Treating ADHD is a Walk in the Park?
As we reported on Friday, a small, 17-person study published by researchers from the University of Illinois suggested they had the perfect treatment for kids with attention deficit disorder (ADHD) — a walk in the park.
We’re all for the most natural, simple treatments available. And this one really sounded good! What could be better than telling parents, “Hey, take your kid for a walk in the park and your child’s ADHD will be less severe.”
So why does this study make us hold our noses?
Besides the small sample size (which should raise warning bells for anyone who thinks this could apply to everyone), the other red warning flag to me was the use of the Digit Span Backwards test as the sole measure for the subjects.

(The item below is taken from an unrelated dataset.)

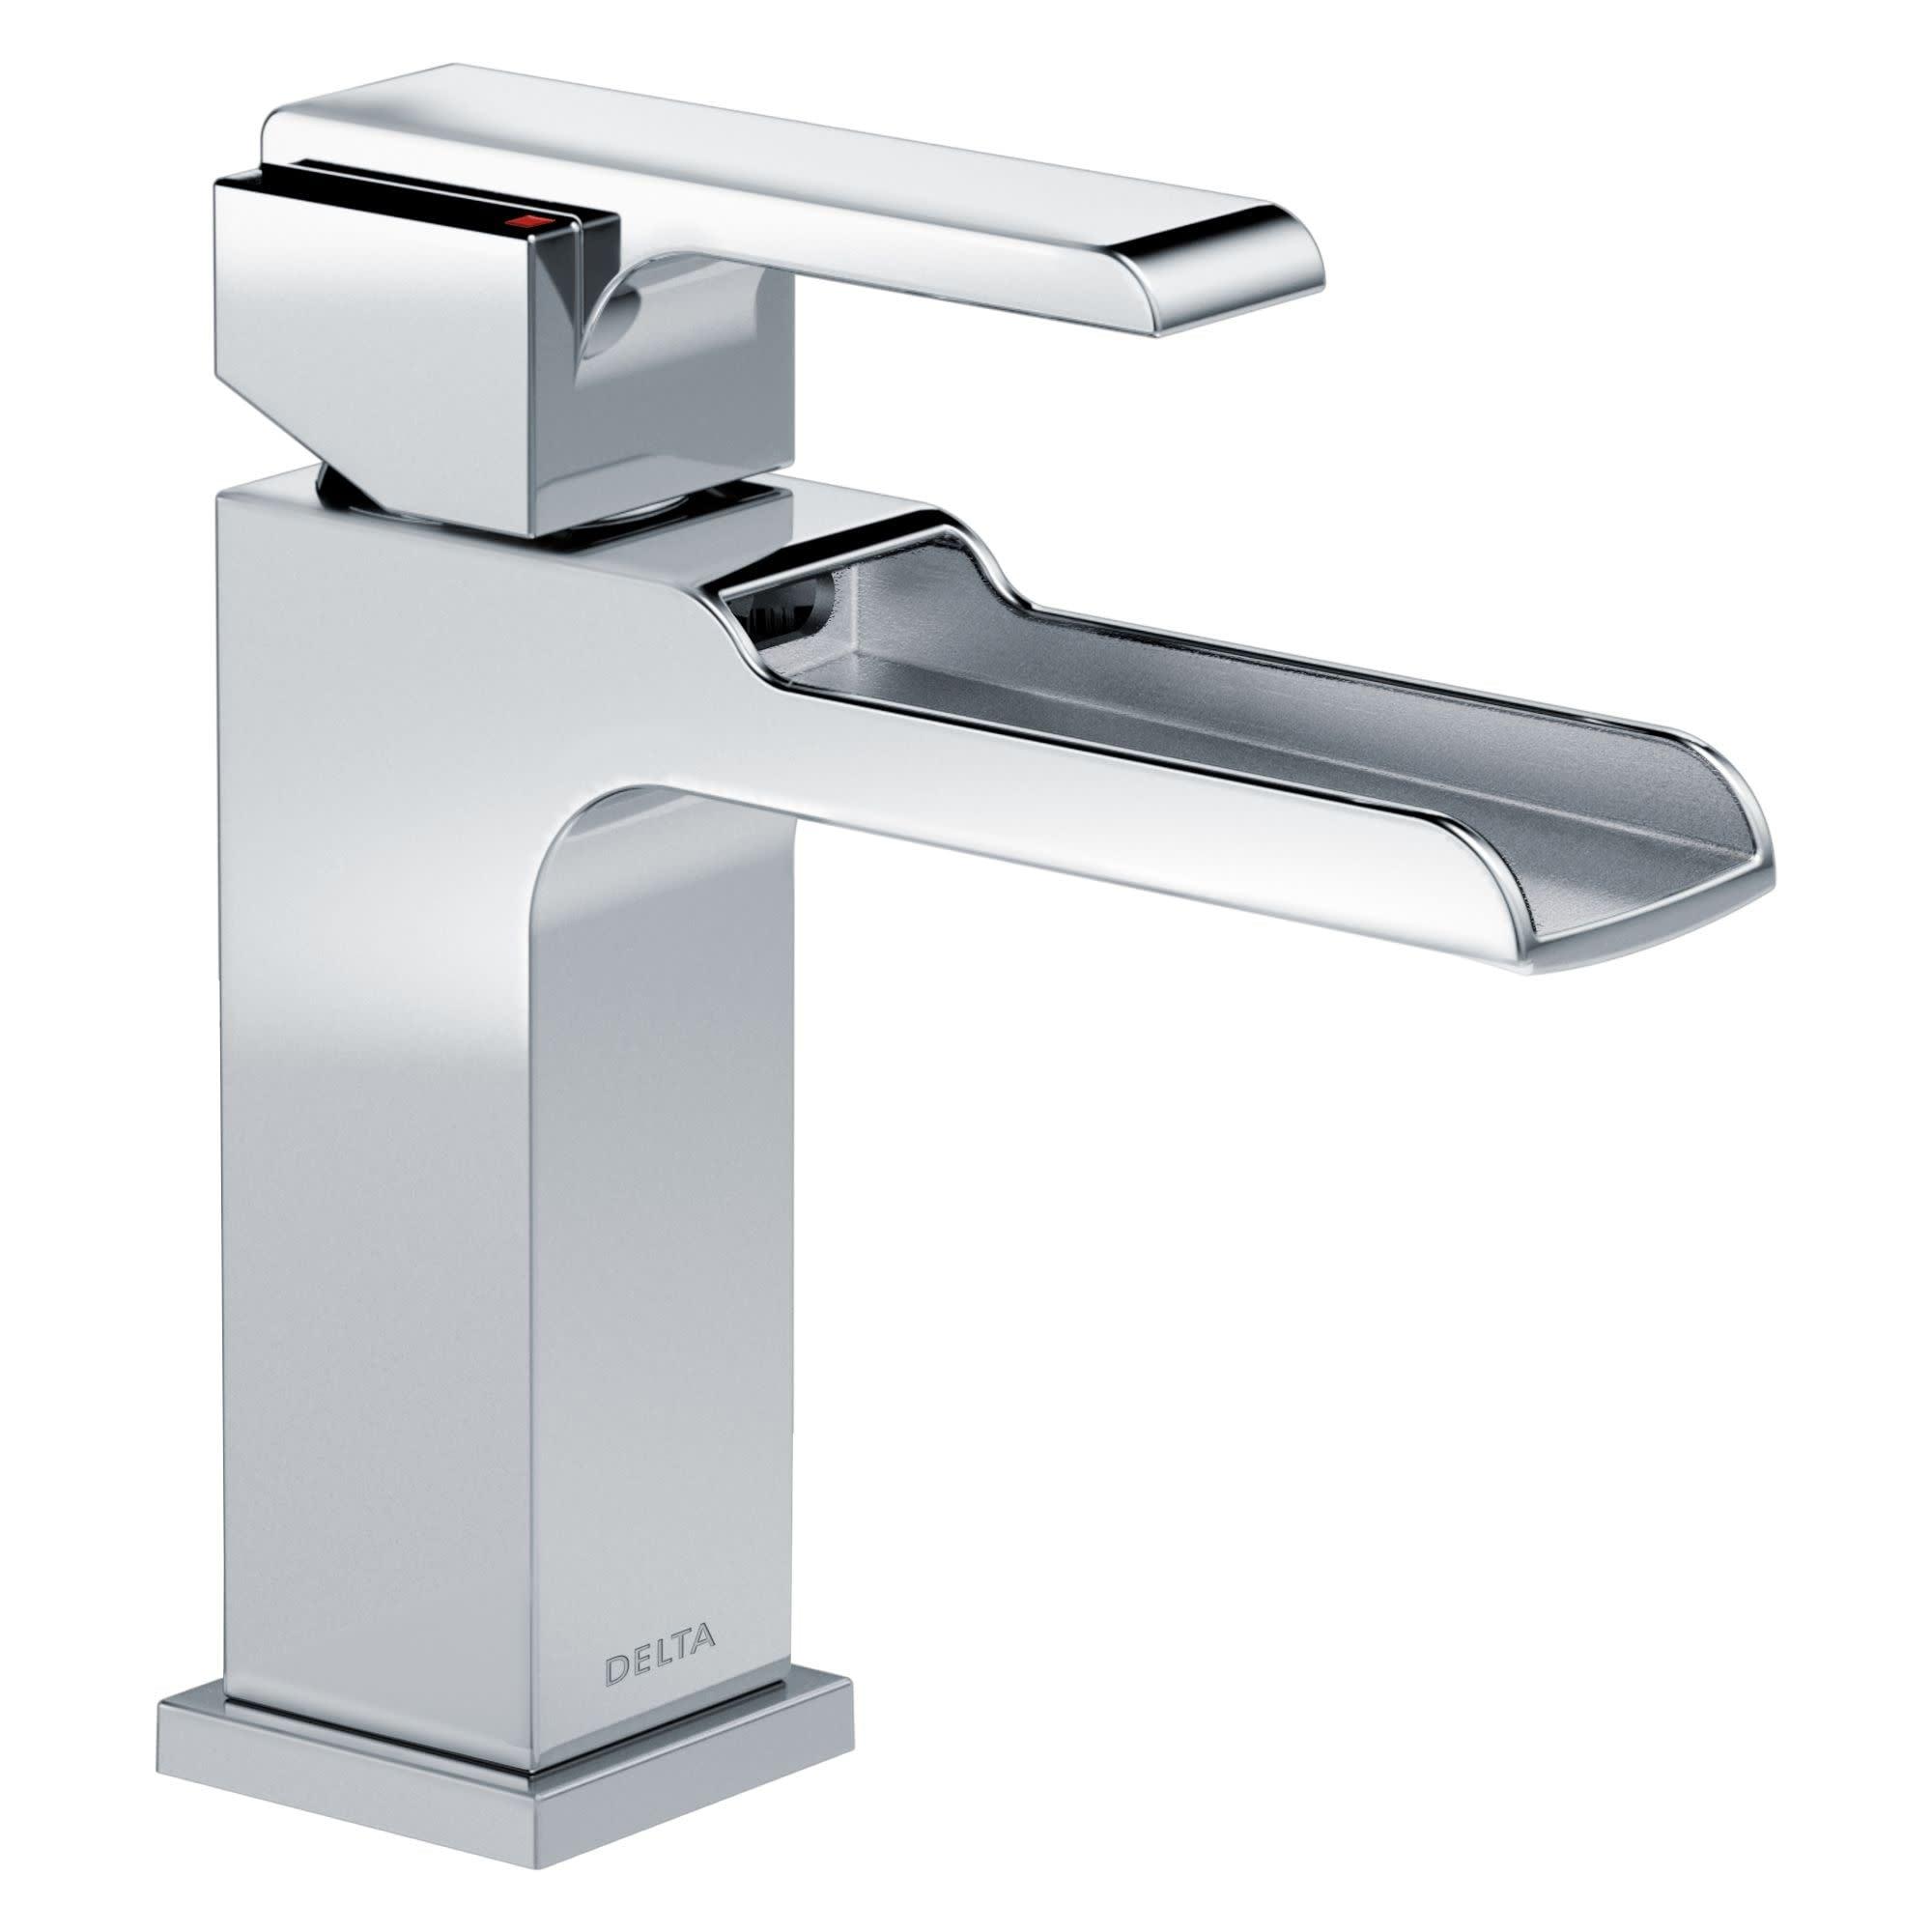 Image of: Shop Black Friday Deals On Delta 568lf Lpu Ara 1 2 Gpm Single Hole Waterfall Bathroom Faucet Overstock 17032797
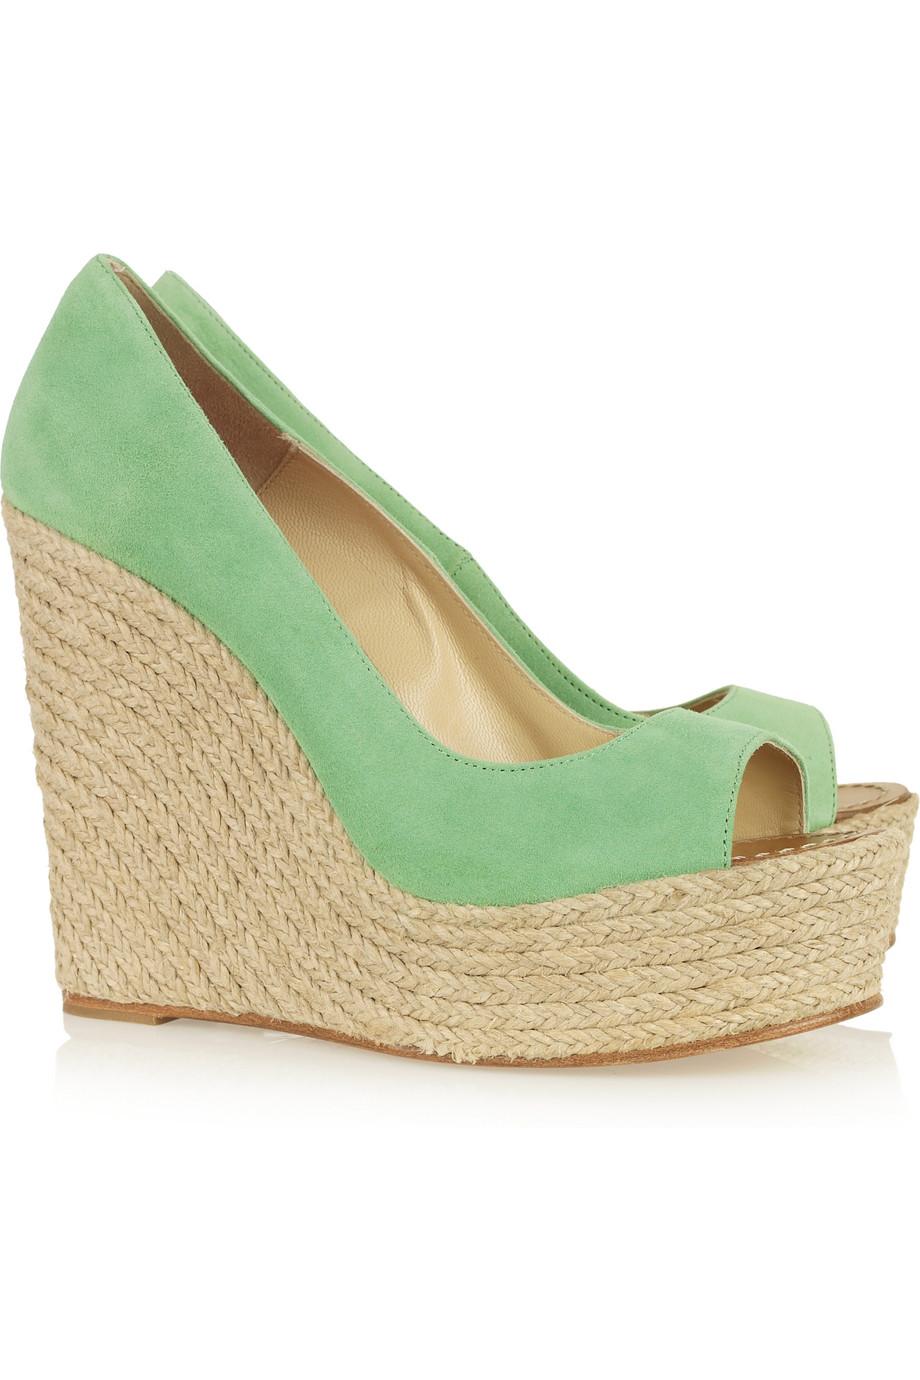 mint green wedge shoes memes

Why would the researchers choose this measure when there are perfectly good and well-accepted ADHD research measures available?
Good question, so let’s find out.
I first looked into the literature of the use of the Digit Span Backwards (DSB) test, because while I’m familiar with it, I never heard of it being used as the sole type of measure for severity of ADHD. It is most commonly used to assess neurological or cognitive deficits in people with neurological or cognitive problems (such as people with dyslexia, brain damage, alcohol drinking, dementia, and so forth). It’s also used to test memory performance under a wide range of conditions (such as testing, traumatic brain injury, long-term depression, etc.). In 90 citations I reviewed in PsycINFO, only 9 were found where this measure was used in connection with ADHD or with attention issues in children. Another 9 were found (some duplicates) when I also reviewed the citations the researchers referred to in their study.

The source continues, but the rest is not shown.